TASK OBJECTIVE: Locate the line containing "Elephant Eden case" in the material below. Copy that line and all following lines through the end exactly, omitting any pictures.

SOURCE DATA:
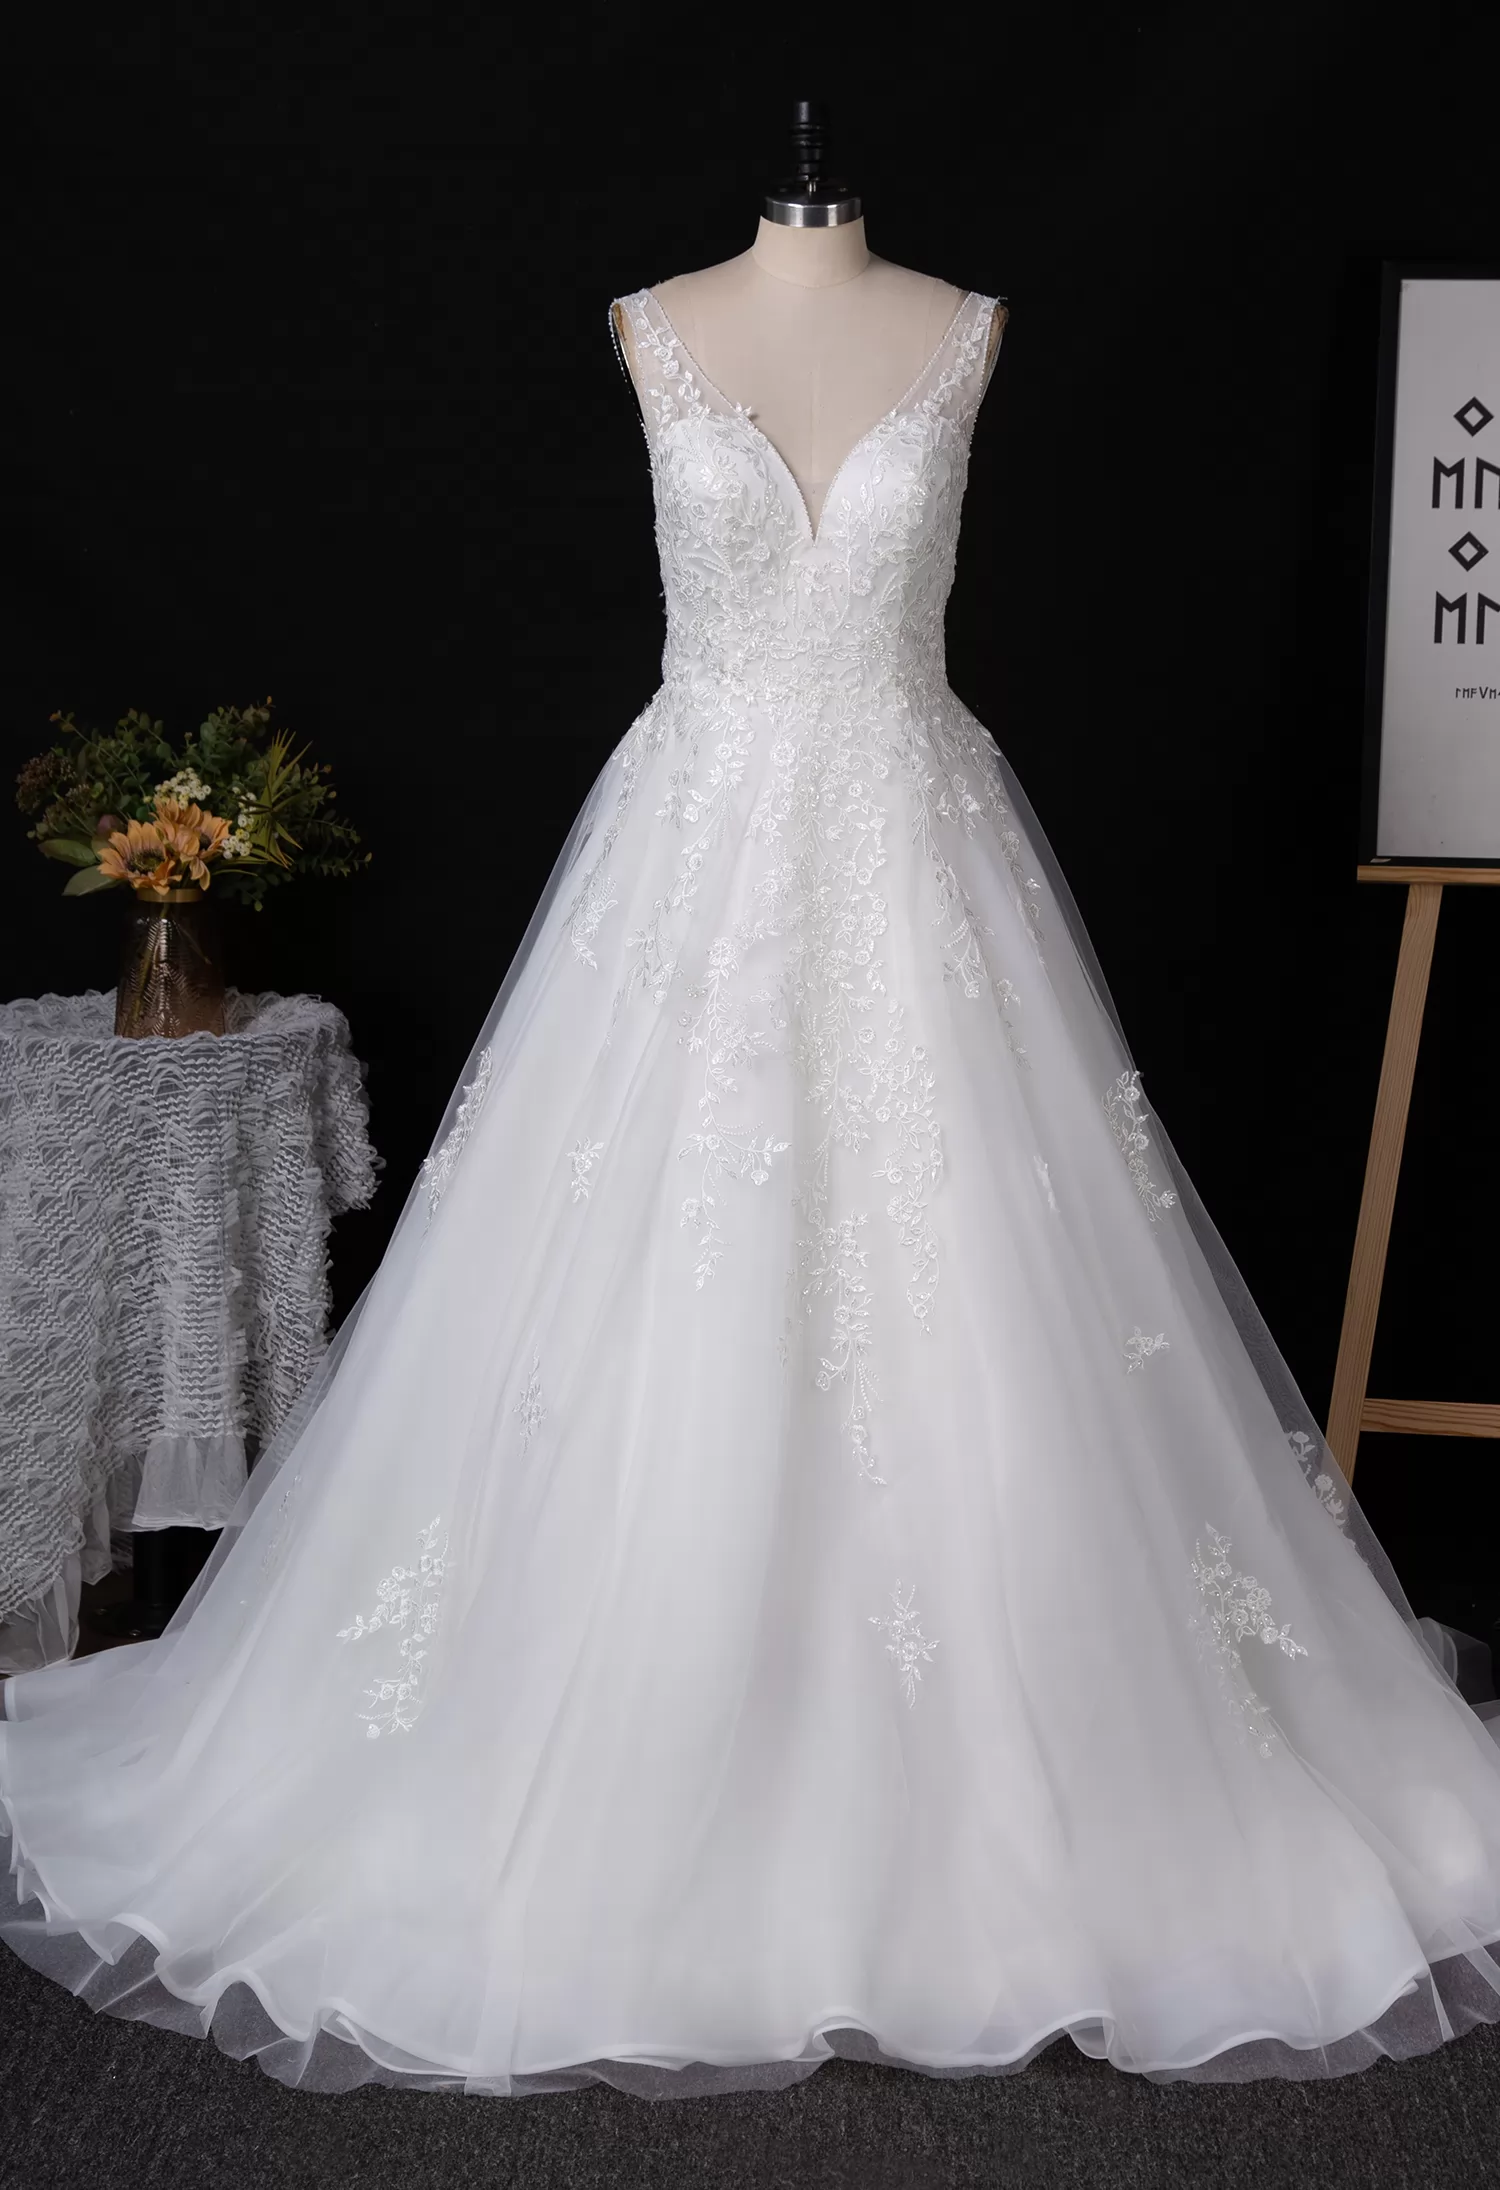 Floral Lace Beaded Wedding Dress With Low Back
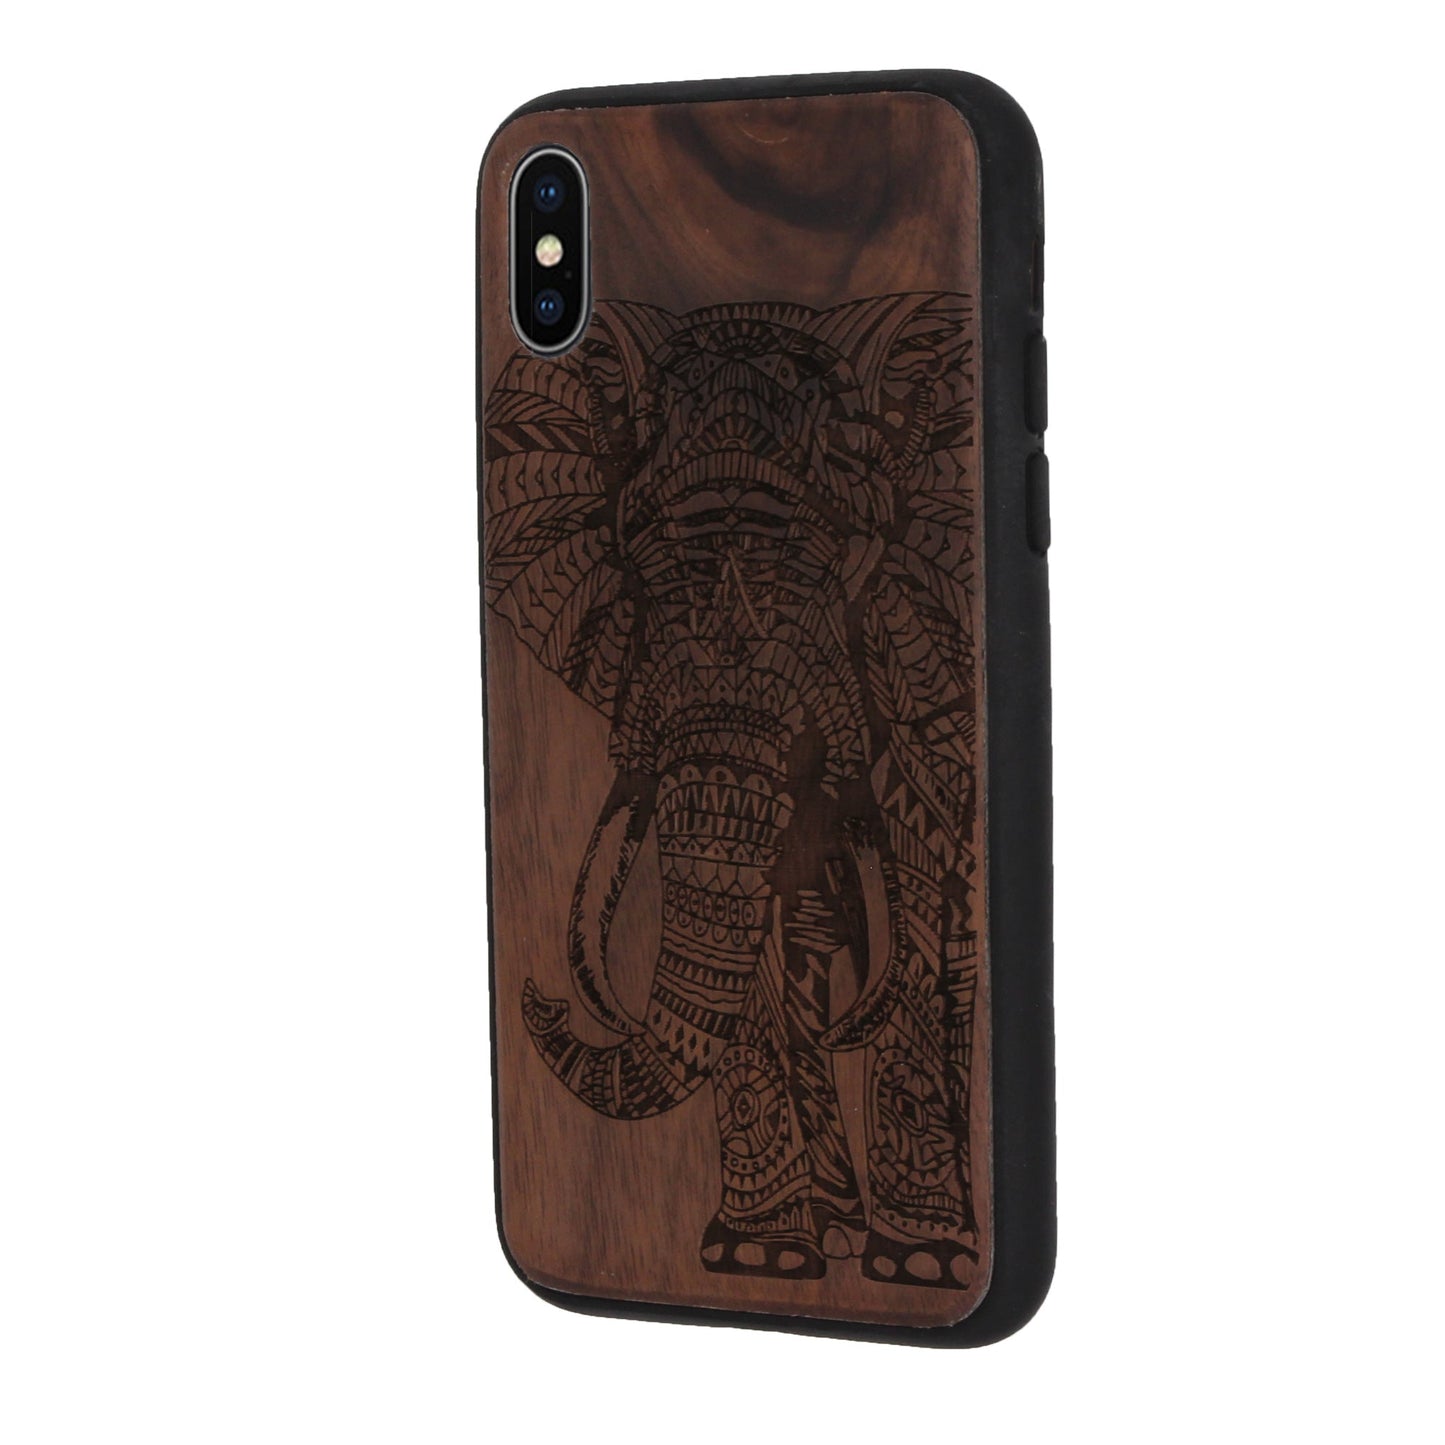 Elephant Eden case made of walnut wood for iPhone XS Max
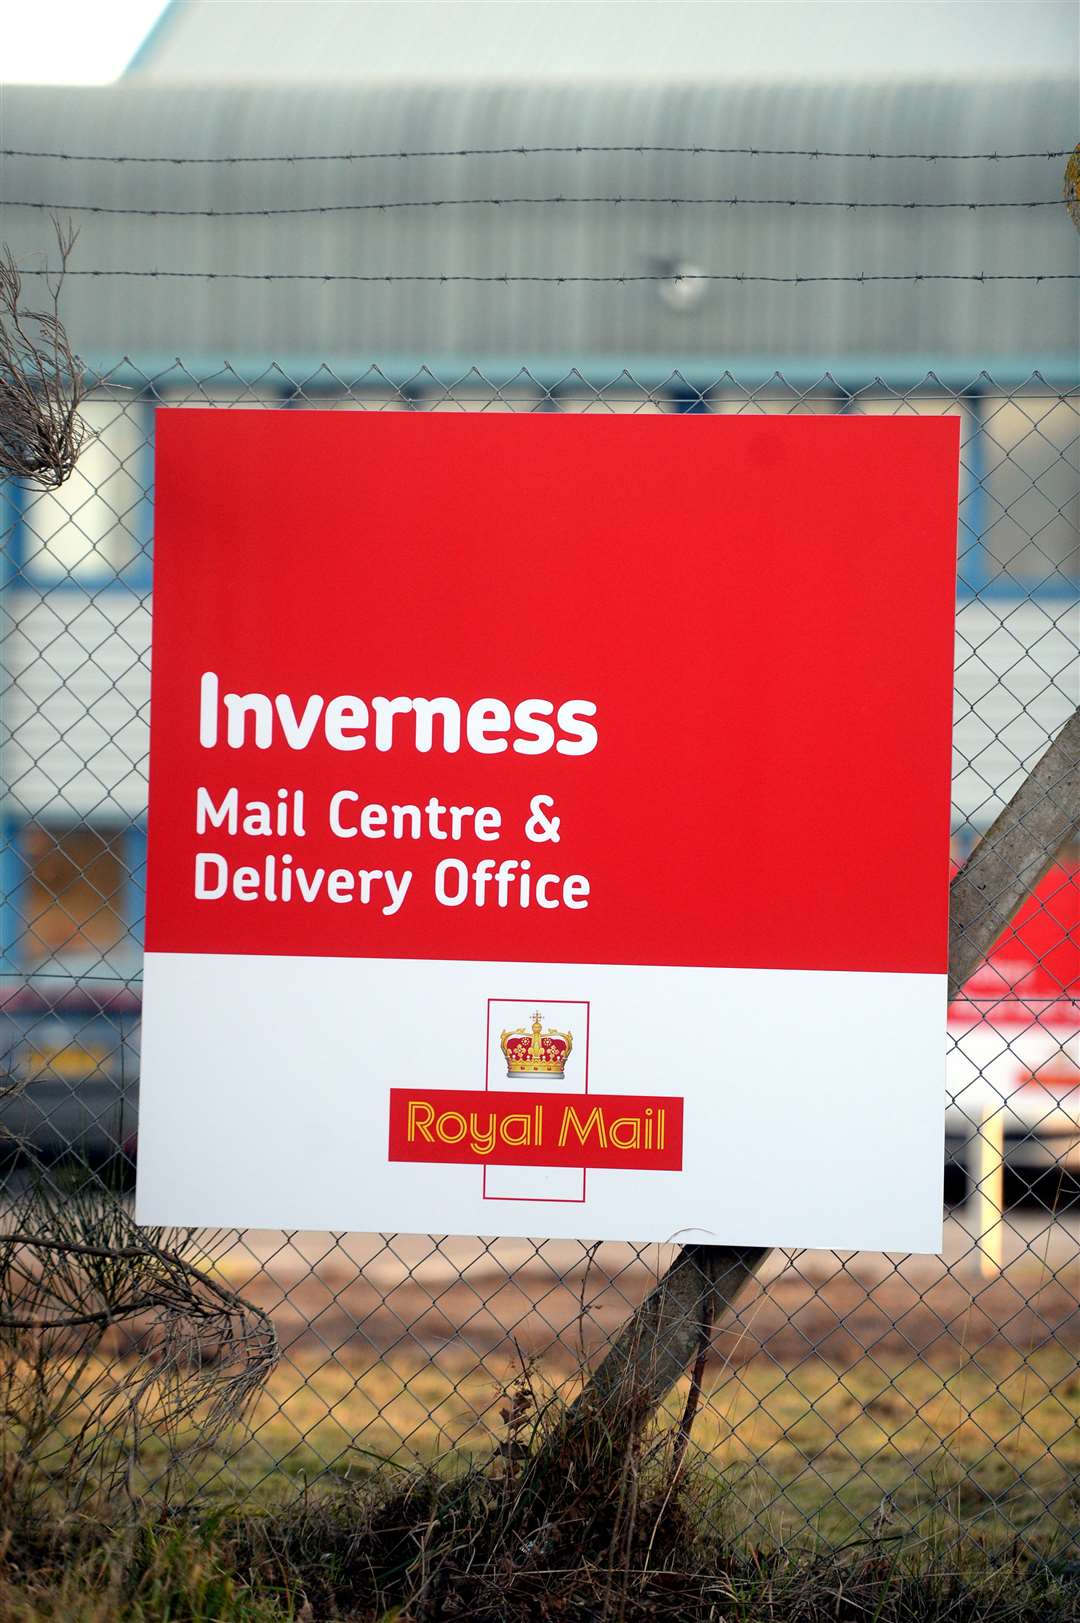 A mail strike in Inverness could hit deliveries across the Highlands and Islands.

SOLUTION:
 Elephant Eden case made of walnut wood for iPhone XS Max
 A mail strike in Inverness could hit deliveries across the Highlands and Islands.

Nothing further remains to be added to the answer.